Le Signal – Maxime Chattam

La couverture de ce roman me faisait de l’oeil depuis quelques temps… Un oeil noir bien sûr… Mais surtout cette belle maison entourée de sapins, hantée peut-être, probablement théâtre de drames abominables m’attirait comme un aimant… Comme mon imagination s’emporte vite! Mais avant tout, faisons connaissance avec la famille Spencer, fraîchement débarquée de New York et heureux propriétaire de cette vieille bâtisse : Tom le père est auteur de pièce de théâtre, Olivia son épouse est présentatrice TV (tiens, tiens, on dirait bien que Maxime Chattam s’est inspirée de sa propre vie pour créer ce couple réaliste…), Chad et Zoey leur enfants, et Owen le neveu adopté après la mort accidentelle de ses parents… Un souhait de changer de vie, de revenir à quelque chose de plus authentique, et les voici emménageant en plein coeur de l’été, à Mahingan Falls, petite ville balnéaire, difficile d’accès, entourée de collines et de forêts et surplombée par le mont Wendy qui tient son nom d’une ancienne légende indienne « Le Wendigo », monstre dévoreur de chair humaine… Mais dans cette ville agréable où tout le monde semble se connaître, des accidents inexpliqués, des crimes atroces et autres faits divers étranges et inhabituels plongent les habitants et les forces de l’ordre en plein désarroi. La famille Spencer, dont l’intégration sociale se passe plutôt bien se rend rapidement compte que quelque chose à La Ferme ne tourne pas rond : phénomènes étranges, cauchemars de la petite Zoey… et quelques carnets appartenant à un ancien propriétaire passionné de sciences occultes semblent fasciner Tom qui se plonge pour le meilleur et pour le pire dans l’histoire de la maison…
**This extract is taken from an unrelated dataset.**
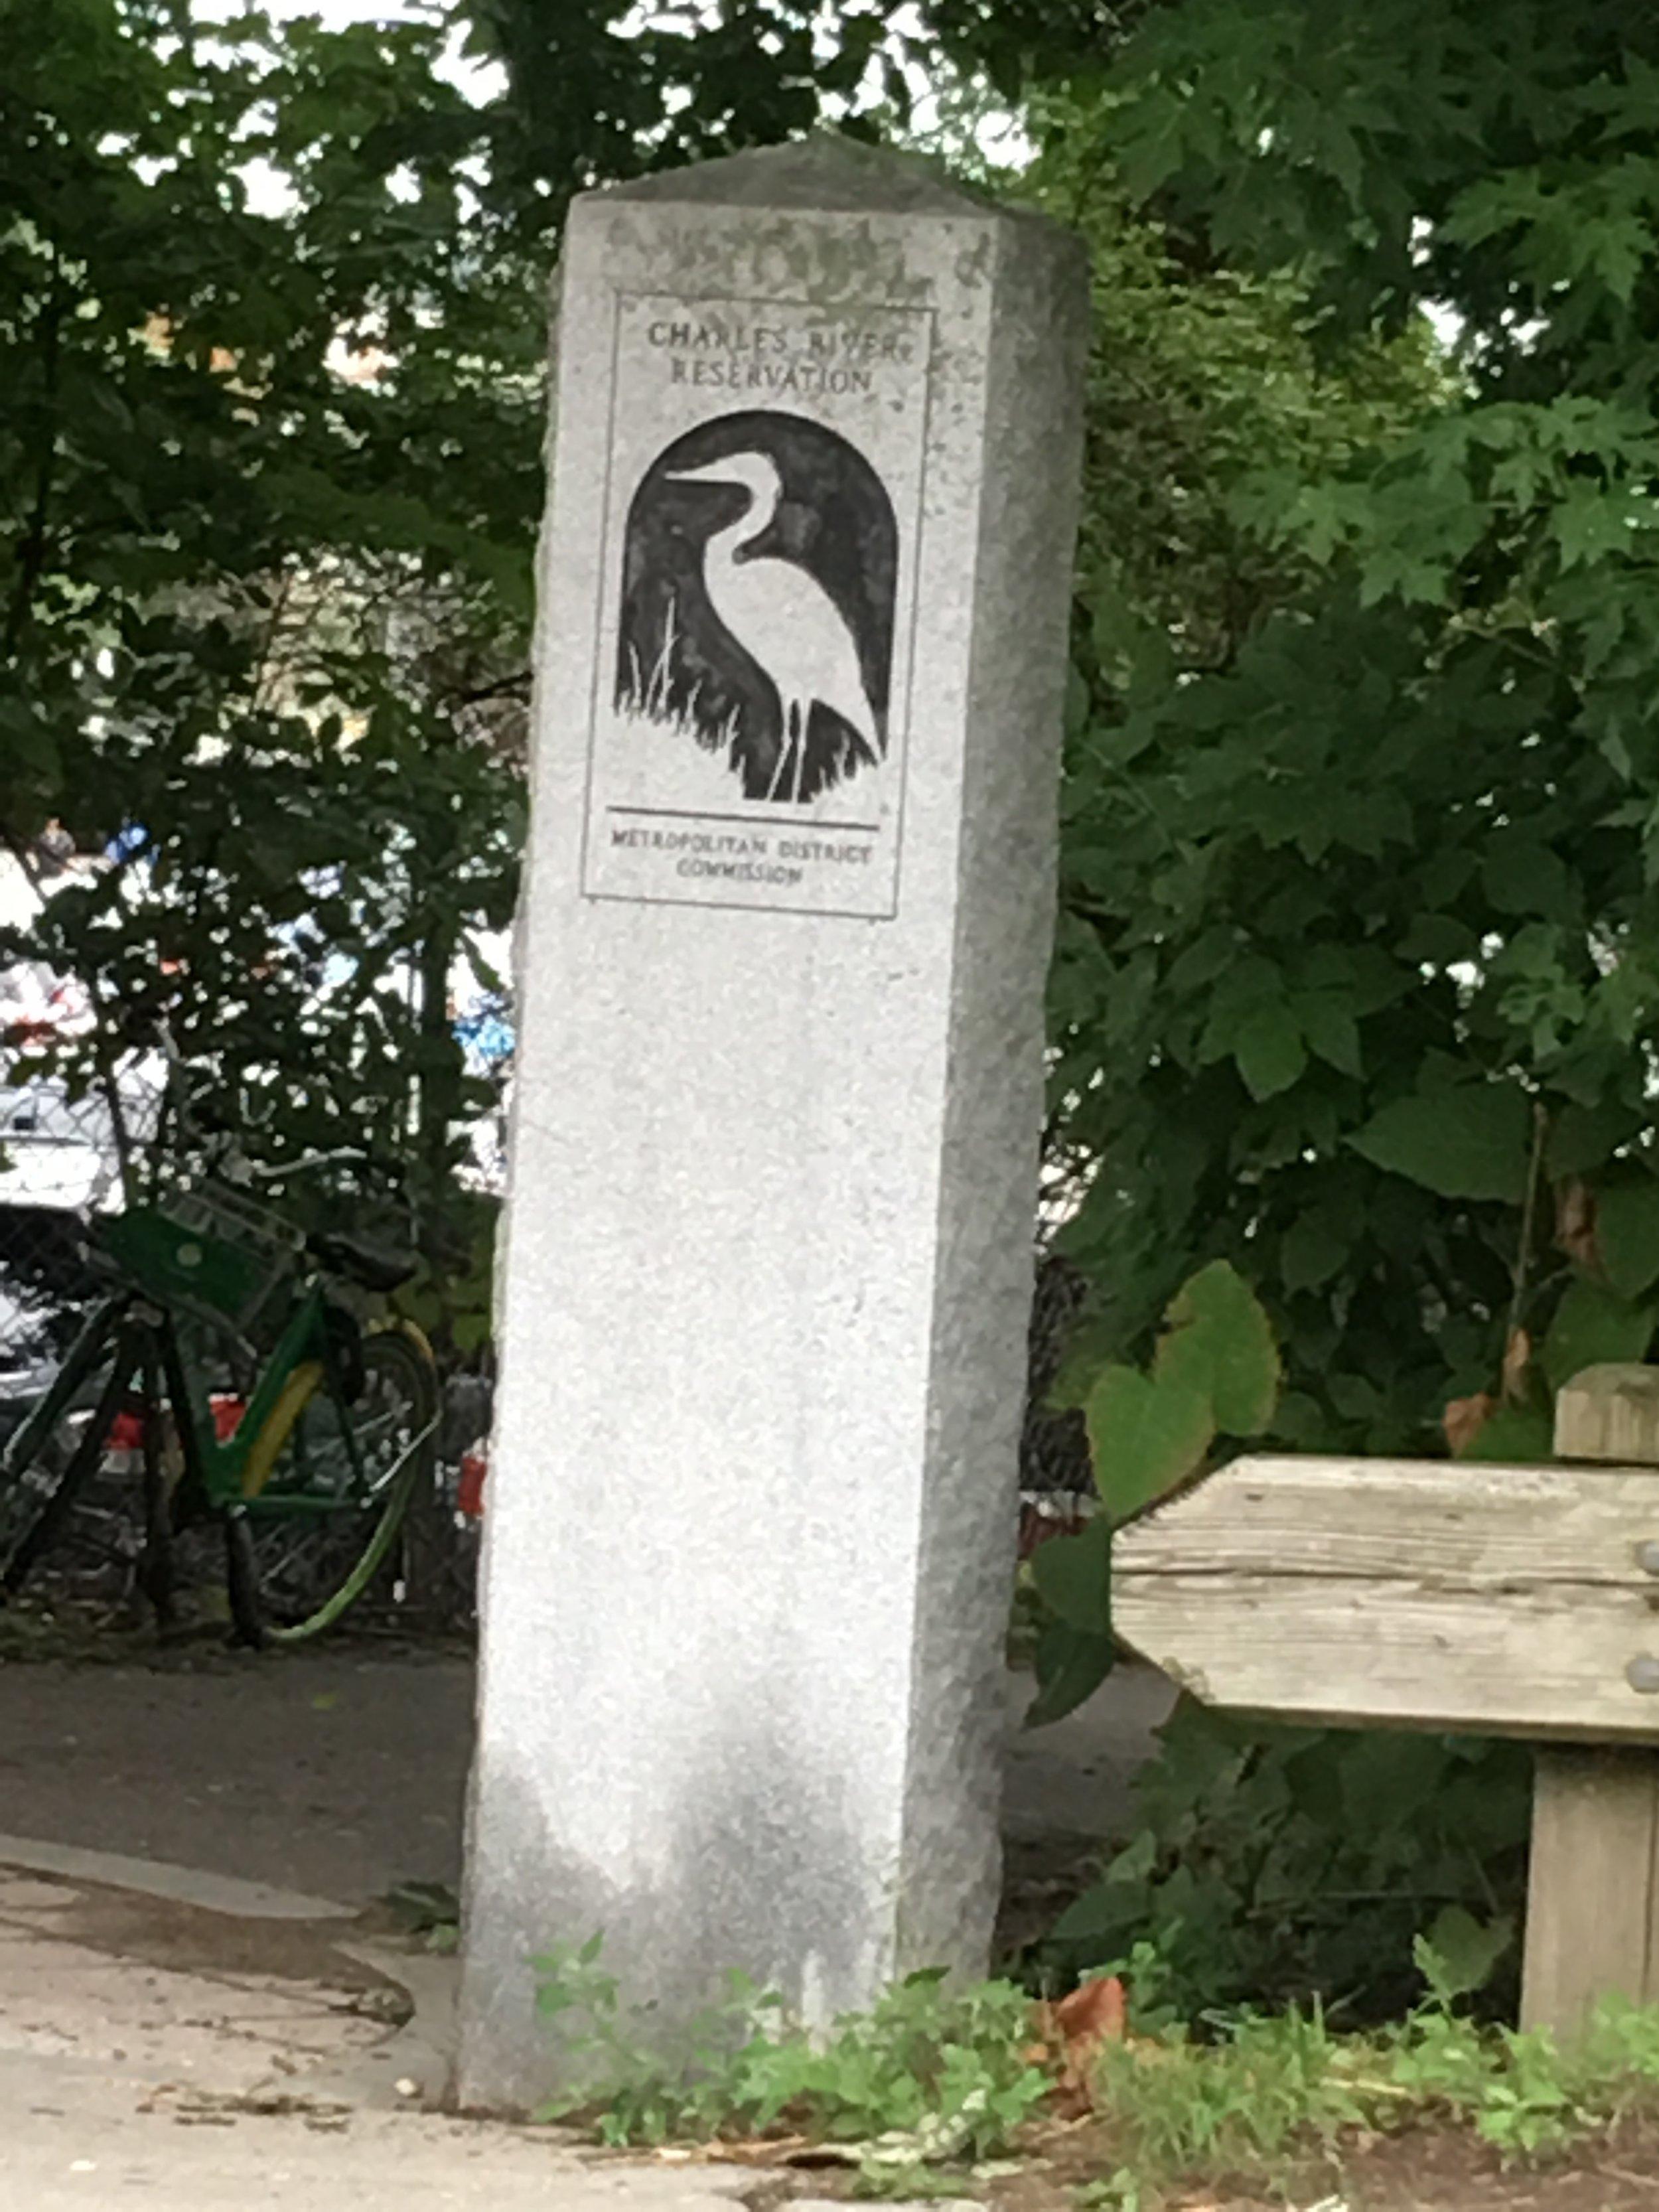 Marker along the bike trail

L’intrigue m’a rapidement séduit : de bons ingrédients comme cette vieille maison que l’on découvre avec la famille Spencer (je l’aurai aimée un peu plus mystérieuse quand même…), cette bande de gosses (on pense au Club des Râtés de Stephen de King, soixante ans plus tard…) à qui il va forcément arriver quelque chose de pas bon… et les crimes atroces pour lesquels nous ne sommes pas avertis, s’enchaînent sans répit. La tension monte crescendo et l’horreur s’installe progressivement jusqu’à quelques scènes franchement gore dans la deuxième partie, où effectivement les poils se hérissent…

J’ai trouvé certains personnages de ce livre particulièrement attachants, notamment Gemma la baby-sitter et Chad et Owen, les enfants des Spencer, grâce à qui nous percevons avec effroi les premières manifestations paranormales : le point de vue des enfants si particulier, leur vision innocente du monde qui les entoure contribue à accentuer la tension narrative et à installer le climat horrifique. Le rôle donné aux enfants est intéressant car leur courage exemplaire va contrebalancer les actes néfastes de certaines personnes avides d’avancées scientifiques, nocives pour l’humanité.

Au début de ma lecture et jusqu’à une bonne moitié du livre, en dépit d’une histoire captivante, je n’ai pas pu m’empêcher de considérer Le Signal comme une pâle copie de Stephen King. Etant une fan du maître, les allusions flagrantes, les reprises d’idées (l’épouvantail surtout…) m’ont déçu, me laissant un goût amer de déjà-vu. Hommage ? Je trouve cela un peu facile tout de même. L’enthousiasme d’une lecture passionnante m’a toutefois rattrapée, et certains passages d’horreur pure peuvent rivaliser avec l’imagination noire de Graham Masterton, par exemple.

J’en ai fini avec ce livre mais certaines images perçues de façon très réalistes au fil des pages me hanteront assurément encore longtemps!